Problématiques ou inconforts

Mode physiologique :

- Effets secondaires de la médication

- Limitations physiques

Mode concept de soi :

- Restrictions concernant le mode de vie, le choix d’emploi, le droit de conduire, les loisirs, les

sports, etc.

- Mauvaise adhérence aux traitements

- Symptômes dépressifs

- Gêne par rapport à leur condition de santé

- Anxiété face au caractère imprévisible des crises

- Perte d’autonomie, de liberté, d’indépendance

- Difficulté d’acceptation de leur condition

- Espoir/incertitude

Mode fonction des rôles :

- Difficulté d’employabilité

- Problèmes financiers

- Discrimination, jugements, stéréotypes, incompréhension des gens

Mode d’interdépendance :

- Absence d’un réseau social

- Manque d’empathie des professionnels

- Suivi postopératoire chaotique et insuffisant

- Méconnaissances du rôle des professionnels

- Consultation de sites internet pour obtenir de l’information complémentaire

Améliorations reliées au mode physiologique proposées par les patients

Les patients ont émis des propositions afin de mieux résoudre ou mieux prendre en charge les problématiques non résolues. Premièrement, concernant les effets secondaires des médicaments, un patient propose d’encourager les personnes épileptiques à faire de l’activité physique, à faire de la relaxation, de la méditation ou de la visualisation.

« J’ai toujours fait beaucoup d’exercices moi. En tous cas, j’ai pensé que l’exercice diminue les effets secondaires. […] Ce qui m’a beaucoup aidée aussi, c’est que je fais du yoga, de la méditation et de la visualisation. » Patient 3

Ensuite, un autre patient mentionne qu’il serait profitable de faire un suivi des patients qui ont des effets secondaires ou qui ont récemment subi un changement dans leur médication.
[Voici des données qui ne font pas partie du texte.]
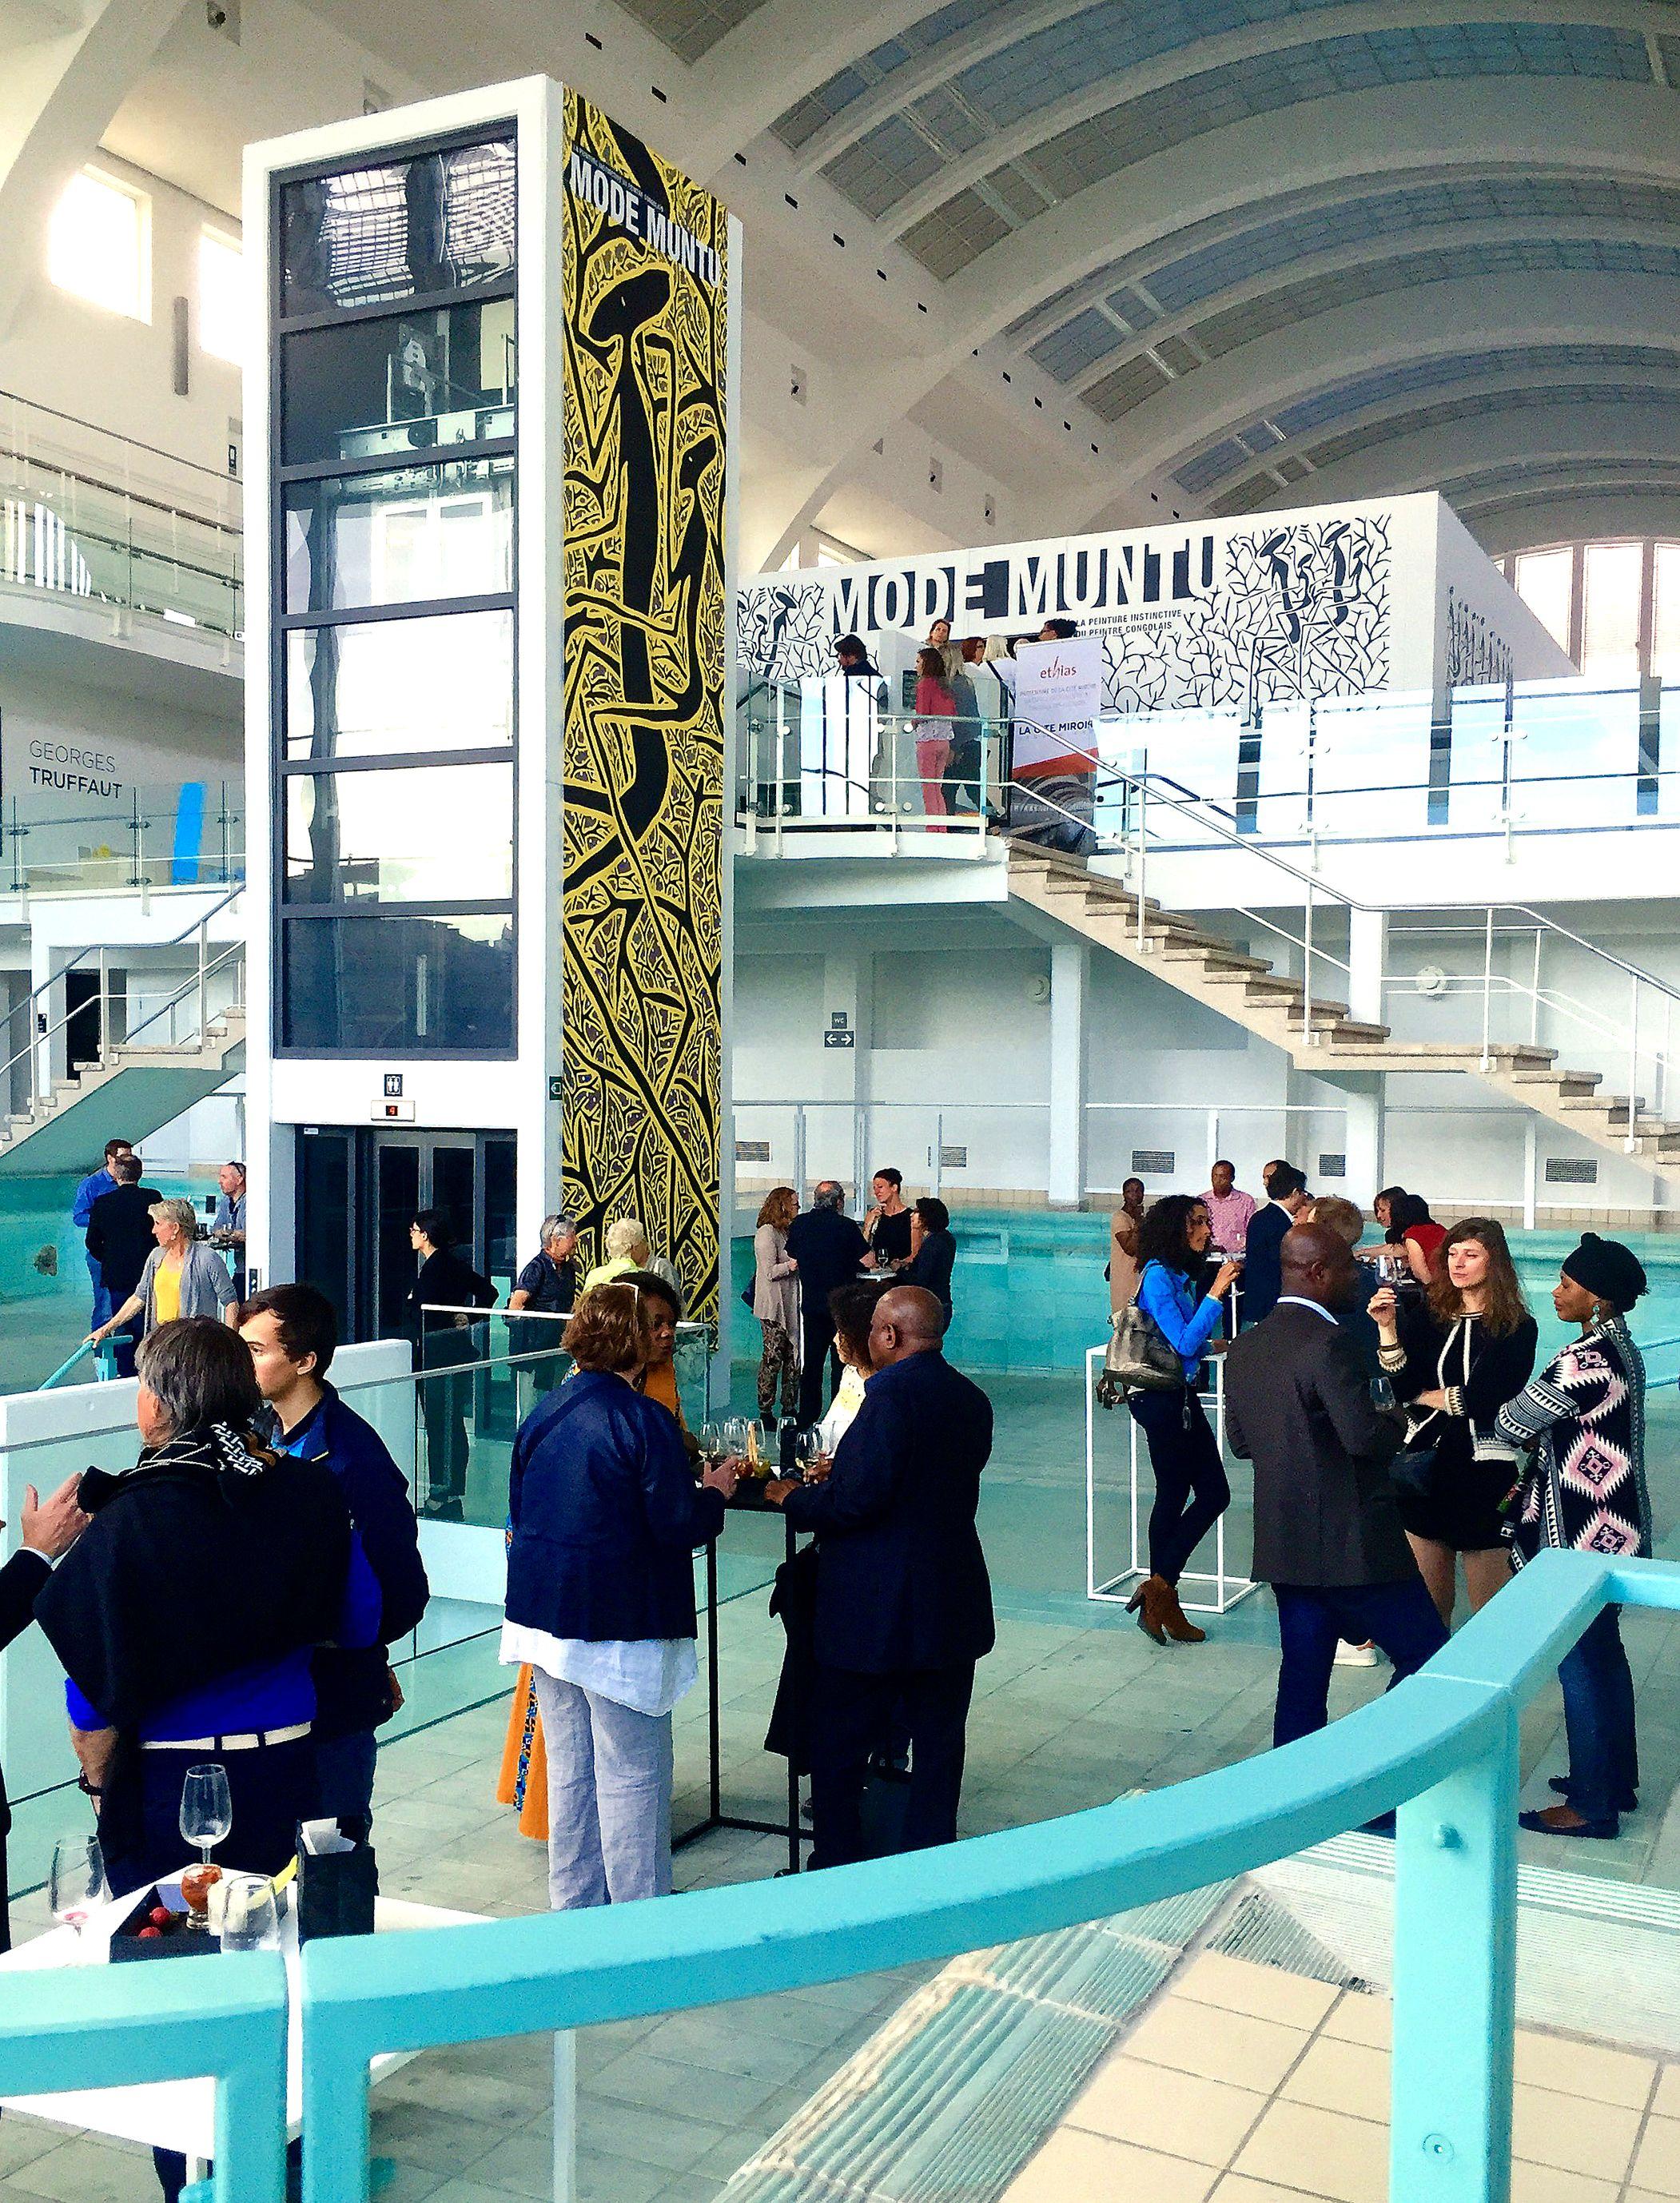 Vue du vernissage de l'exposition Mode Muntu à la Cité Miroir à Liège.

« La phrase magique, elle est là. S’il y a quelque chose, j’attends ton appel. On se sent tenu par la main, il y a quelqu’un qui m’accompagne. Elle le sait que je suis dans une phase qui est plus ou moins bonne. Qu’elle le sait que je peux l’appeler. C’est rassurant. Tu le sais que pendant ces deux prochaines semaines-là, tu as accès. Elle va connaître ton cas. Tout de suite, elle va réagir. Ce n’est pas grand-chose, mais ça fait une différence. Peut-être qu’il y a d’autres

mondes qui se sont sentis comme ça. Je suis au courant de ce qui se passe, empêche-toi pas de m’appeler ou n’attends pas. Il y en a qui peuvent mal feeler, mais qui vont attendre les deux semaines de peur d’avoir l’air fatiguant. » Patient 4

Concernant les limitations physiques, la majorité nous mentionne l’importance de bien connaître les stimuli, propres à chacun, qui risquent de déclencher des crises. Les patients croient que l’infirmière devrait accorder une attention particulière aux déclencheurs spécifiques à chaque patient et adapter son enseignement en conséquence.
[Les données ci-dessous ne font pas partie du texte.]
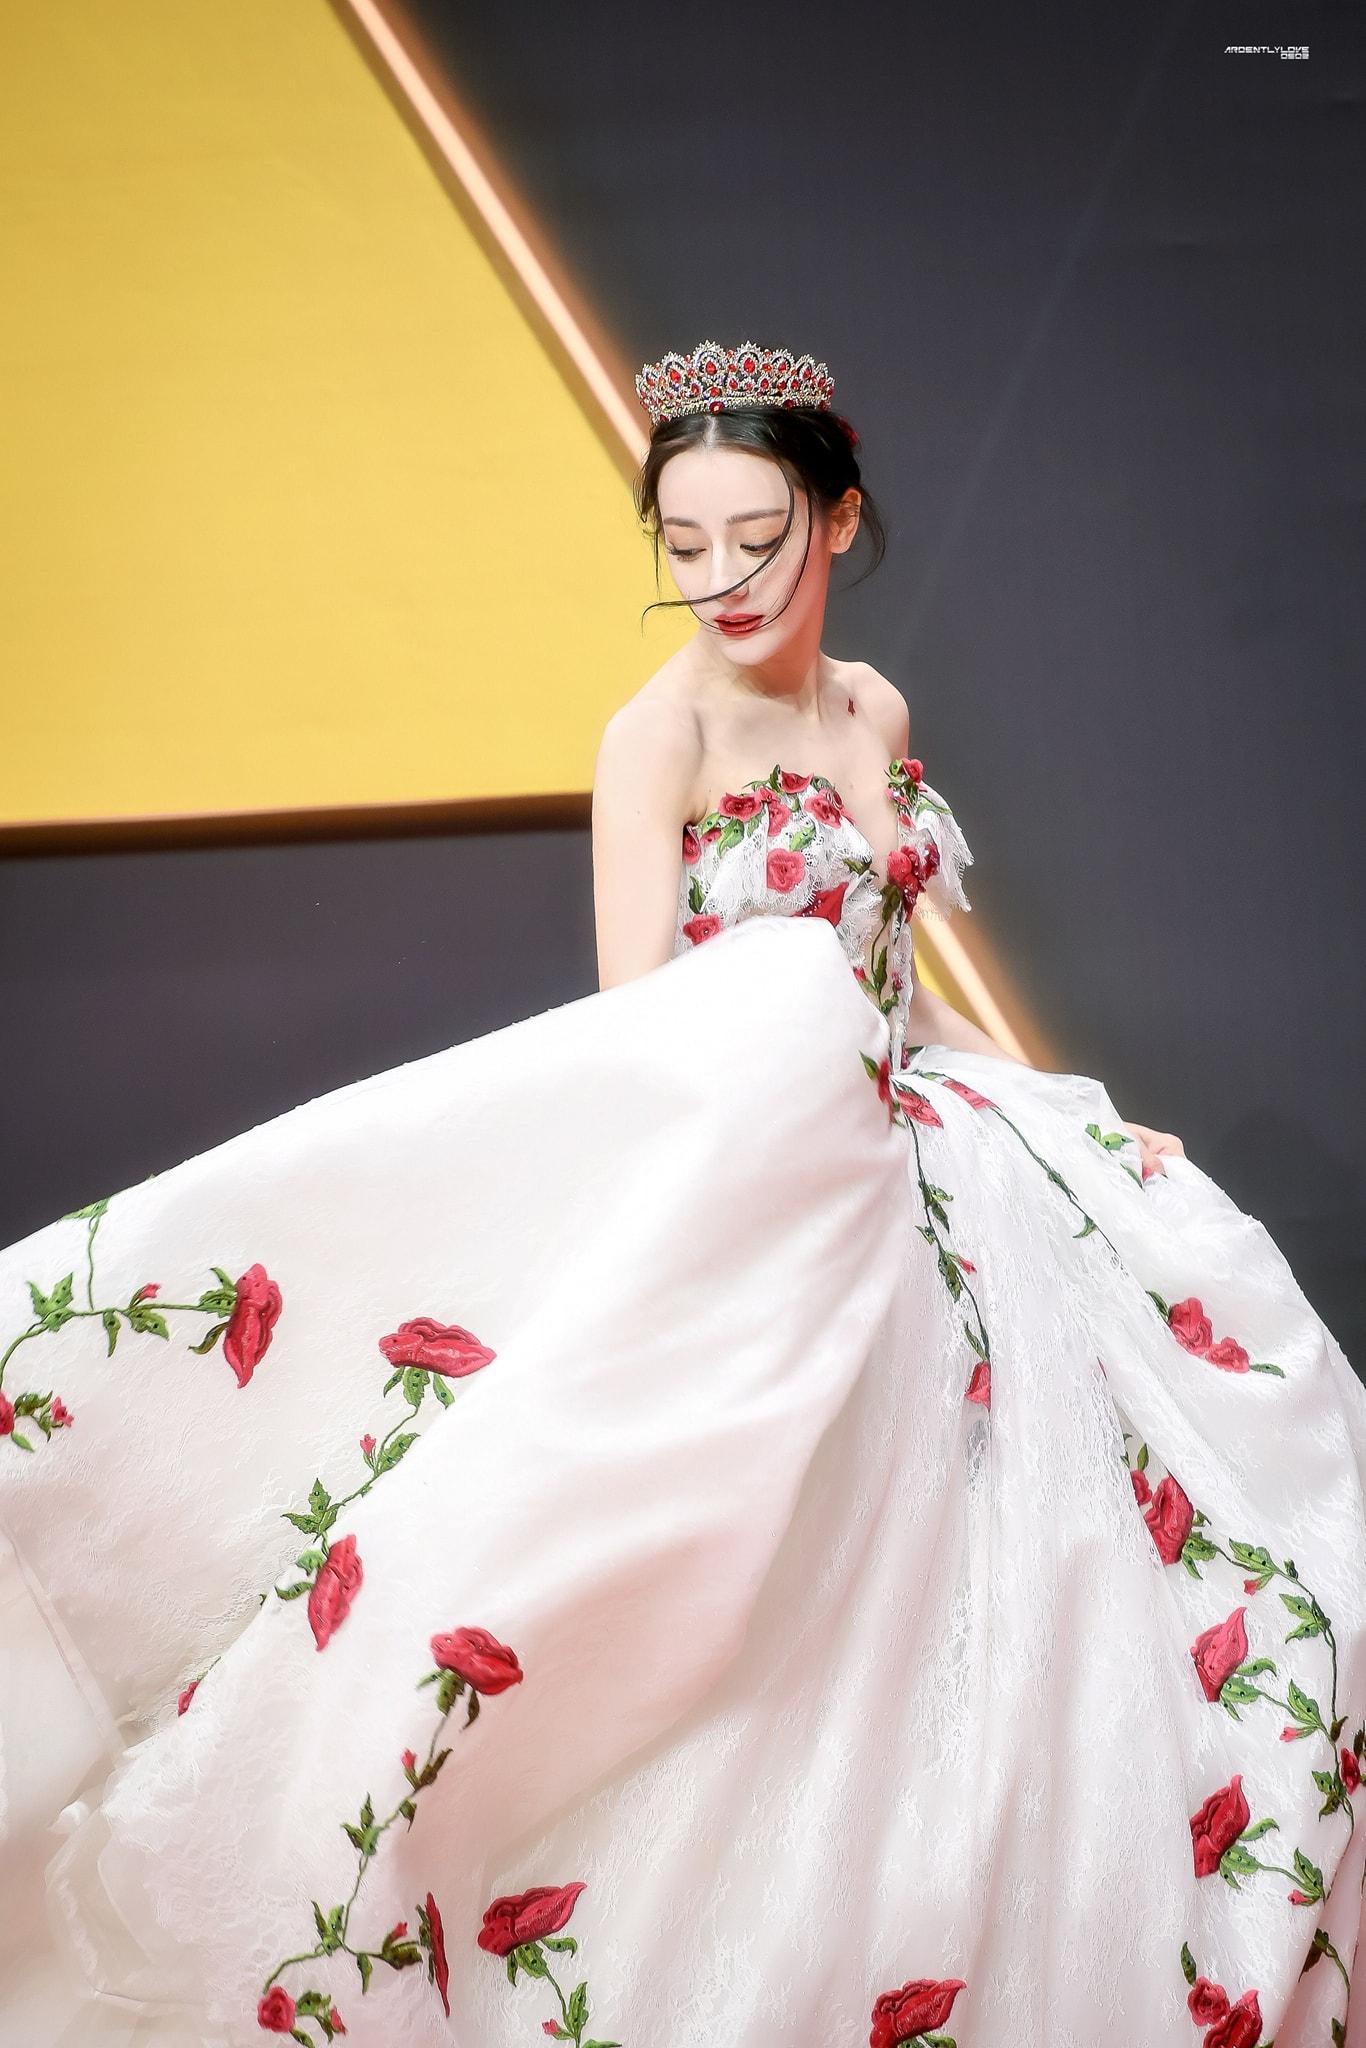 BXH sao nữ Cbiz tháng 7/2021: 'Đỉnh lưu dởm' Dương Tử top 1, Lệ Dĩnh, Diệc Phi vắng bóng 3

Améliorations reliées au mode concept de soi proposées par les patients

Maintenant, voici quelques interventions suggérées par les patients pour favoriser l’intégration spirituelle et psychique de ces personnes. Pour la plupart des problématiques issues du mode d’adaptation concept de soi, les patients ont proposé une intervention, soit l’enseignement. L’infirmière pourrait donner davantage d’information lors du diagnostic, mais aussi ponctuellement aux patients et à leurs proches. Certains patients mentionnent même le désir de participer à des séances d’information de groupe avec l’infirmière. L’infirmière devrait débuter l’enseignement avec les croyances et les connaissances du patient, pour ainsi éviter qu’il demeure certaines incompréhensions.

« […] quand on m’a dit diagnostiqué, on m’a expliqué c’était quoi l’épilepsie, mais on n’a pas fait l’éventail de tout ce que c’était. Il a fallu que je le découvre par moi-même, avec ce qui venait autour. Par exemple à propos de comment le monde réagissent, on ne me l’avait pas dit. La médication que tu avais un éventail de médicaments qui était infini, que tu pouvais combiner. Ça on ne m’avait pas expliqué. Je pensais que c’était une tylenol, puis on en parle plus […] J’aurais aimé le savoir. J’aurais peut-être bien aimé avoir une journée, comme on fait là aujourd’hui, on s’assoit ensemble, qu’on m’explique un peu c’est quoi, un peu comme un petit cours, je ne sais pas, que tu peux venir avec ta blonde et conjoint. Je me l’imagine. Avec un mannequin, comme au RCR, faire un atelier, on est 6-7 conjoints ou proches et on explique ce qu’est l’épilepsie et comment réagir avec le mannequin, comment déplacer, le crayon c’est tu bon, les doigts dans la bouche lors d’une crise. Je pense que ça, au début, ça aurait rassuré ma blonde, que plus que de l’apprendre. » Patient 4

Pour ce qui est des symptômes psychologiques ressentis par les personnes épileptiques, ces derniers suggèrent d’avoir davantage accès à d’autres professionnels ou organismes lorsque leur situation le nécessite.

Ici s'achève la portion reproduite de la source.